Ryan did her work experience in third year with Bayer, the chemical giant based in Germany. "I loved it," she says. "It was so hands-on. It was being out where real people have real problems and these are day-to-day problems. There was no such thing as making the answer fit what the lecturer wanted."
After graduation with an honours degree, she went to Abbott Ireland based in Sligo, which made cathether devices. "That was Abbott's main product at the time. I was there for about a year-and-ahalf. In Abbott you are actually working on a product that went to market. There's an enormous sense of satisfaction to see it going into manufacture from the design stage."
In November 1990, she moved to Irish Ropes in Newbridge, Co Kildare, as quality manager.

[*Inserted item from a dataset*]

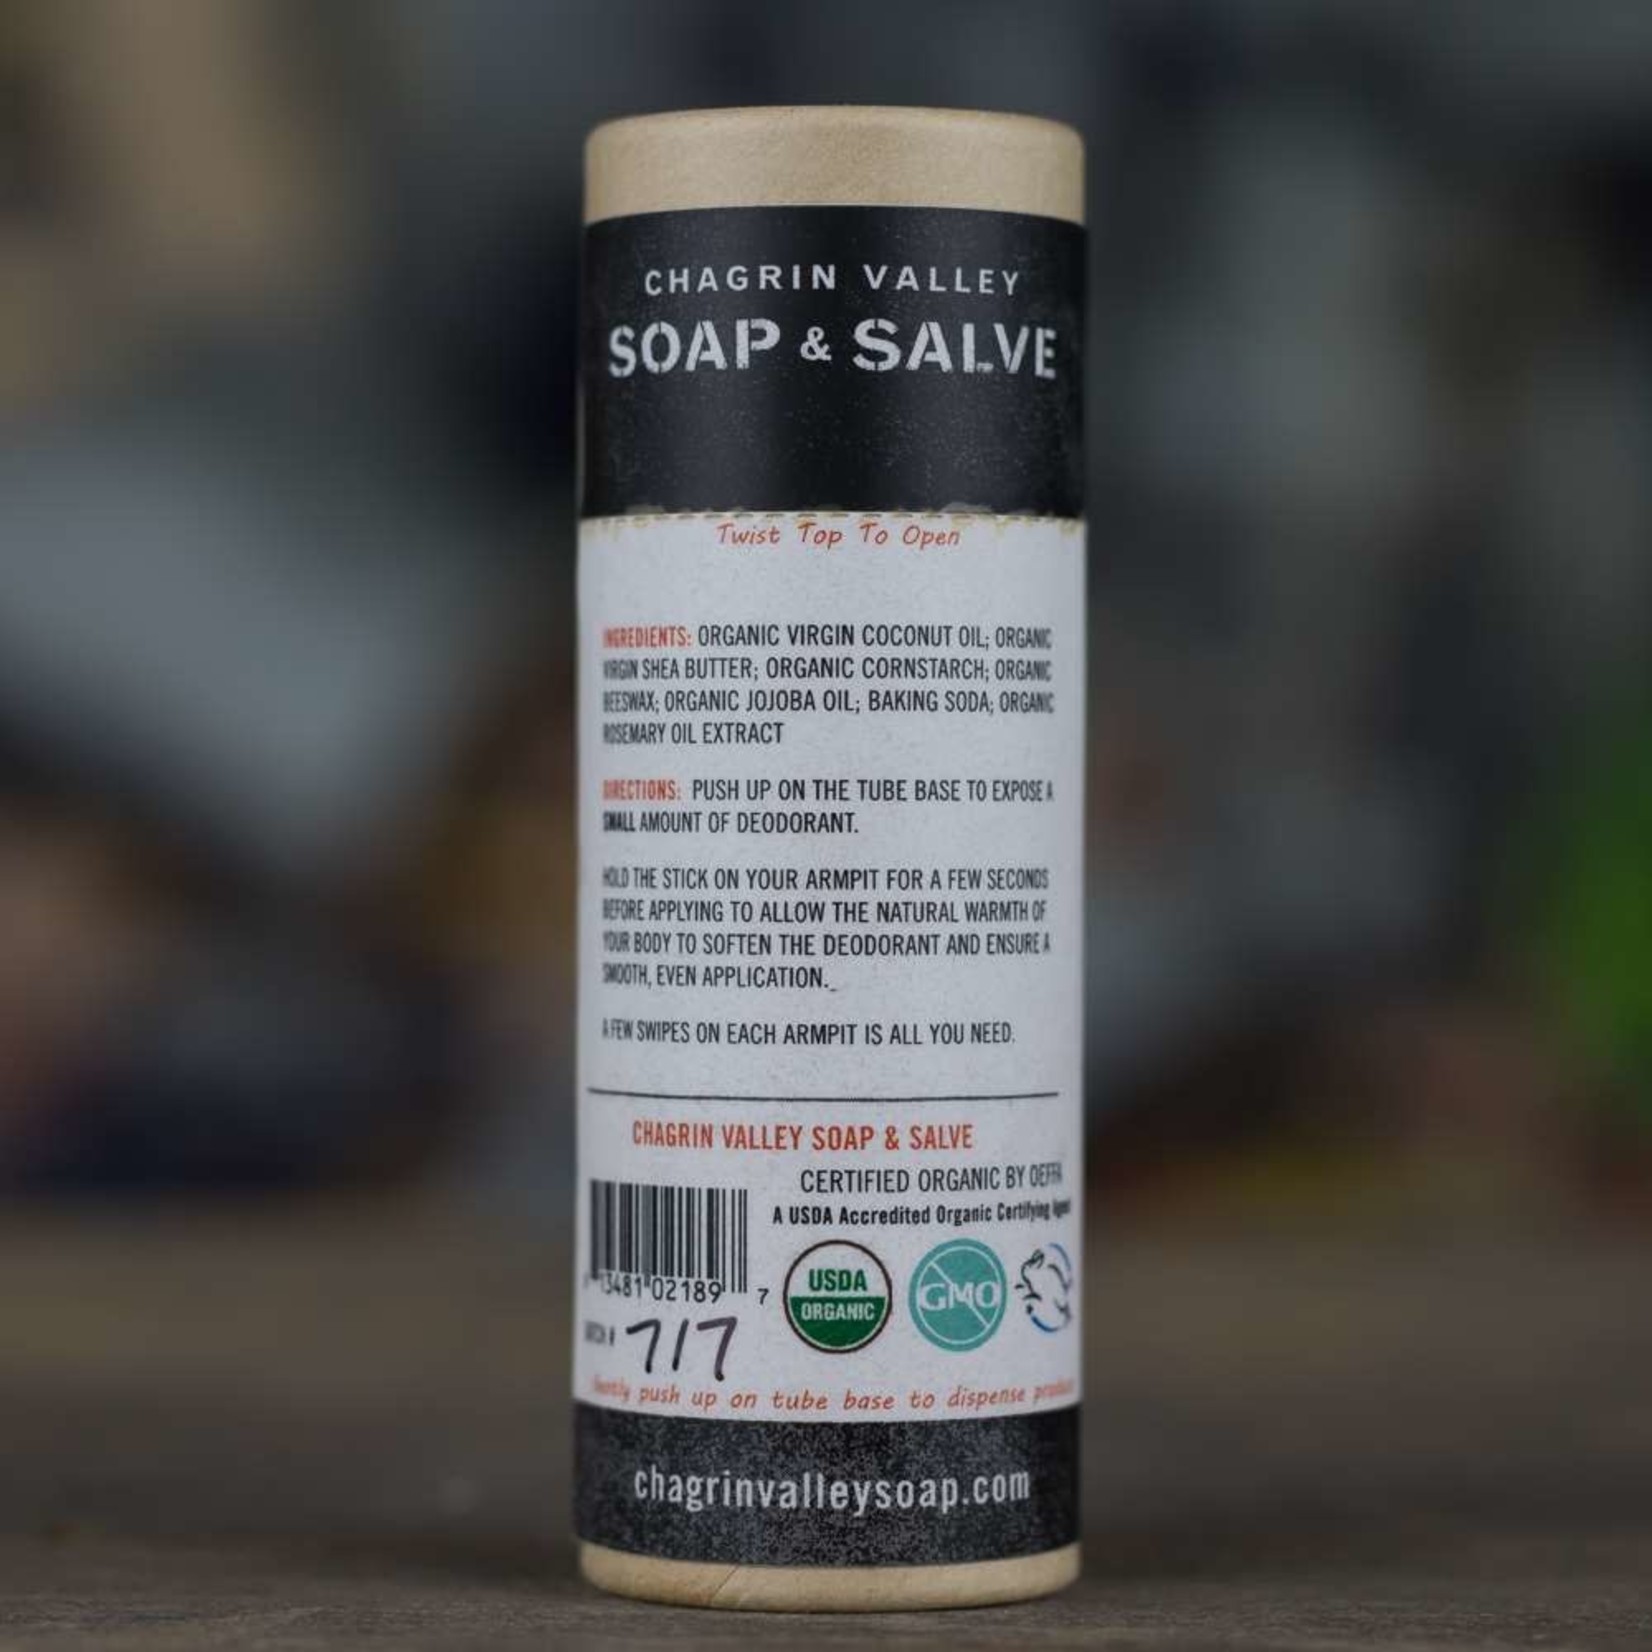 Chagrin Valley Soap and Salve Natural Scent 1.5oz Coconut Stick Deodorant

Then in 1992 she was offered a job at a sister company, Sealcon, as technical and quality manager.
"Irish Ropes and Sealcon are on the same site but we do completely different products," she explains. Sealcon produces packaging for the food industry, in particular a number of butterspread companies. "It was a very big change. It's a very different process that we use here."
With the steady hum of big machines in the background, Ryan is happy, working in a world that she loves. "That's the beauty of it," she says. "No two days are the same."
Of course, she'd love to see more women working in the business - "but I have to say that the guys treat you as an equal. The problem is that it's difficult to get young people to go into the industry."